### Prompt
From the line with "其味道清香甘甜、獨具風味。在" down to the final line of the material below, quote every line exactly and leave out all lines before it.

### Information shown
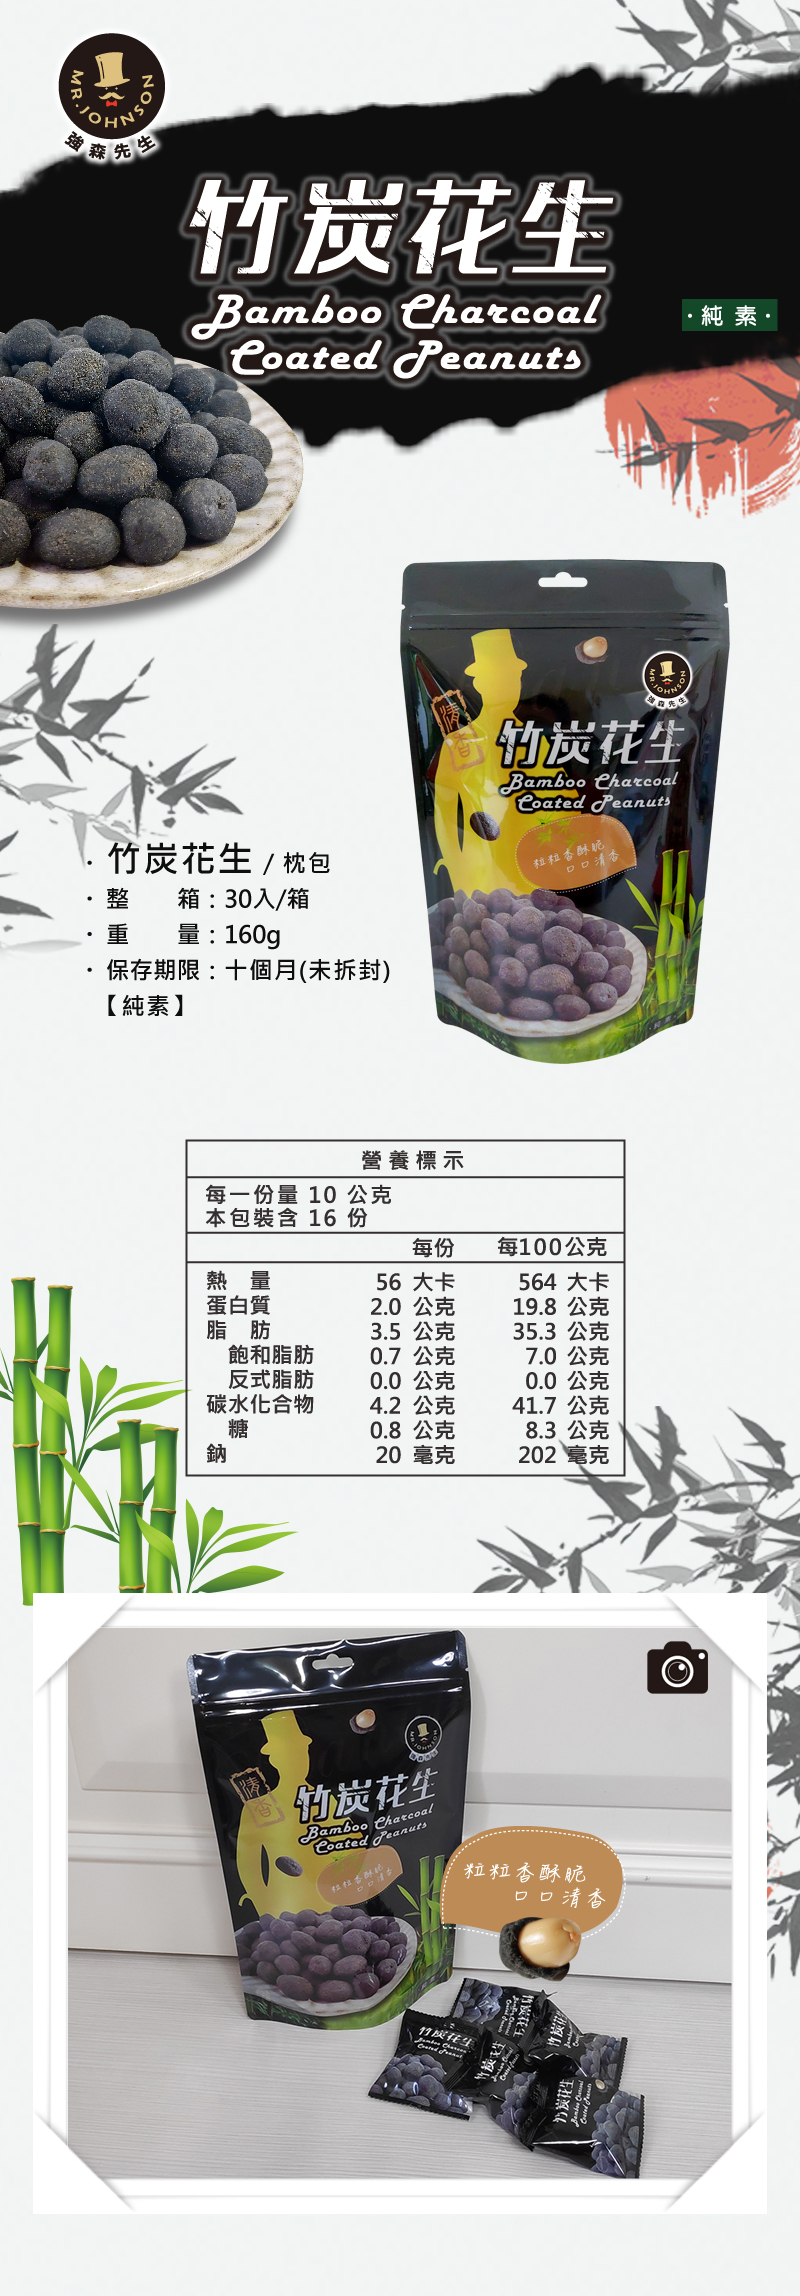 竹炭花生的原料是取自於台灣竹山地區的「孟宗竹」，
其味道清香甘甜、獨具風味。在竹製作的過程中是以極高溫的傳統窯燒將孟宗竹製成可食用的粉末結合麵粉中，
再裹和花生後即為香酥脆口，粒粒飽滿的竹炭花生，是富強森賣了十幾年的商品。

### The completed task
其味道清香甘甜、獨具風味。在竹製作的過程中是以極高溫的傳統窯燒將孟宗竹製成可食用的粉末結合麵粉中，
再裹和花生後即為香酥脆口，粒粒飽滿的竹炭花生，是富強森賣了十幾年的商品。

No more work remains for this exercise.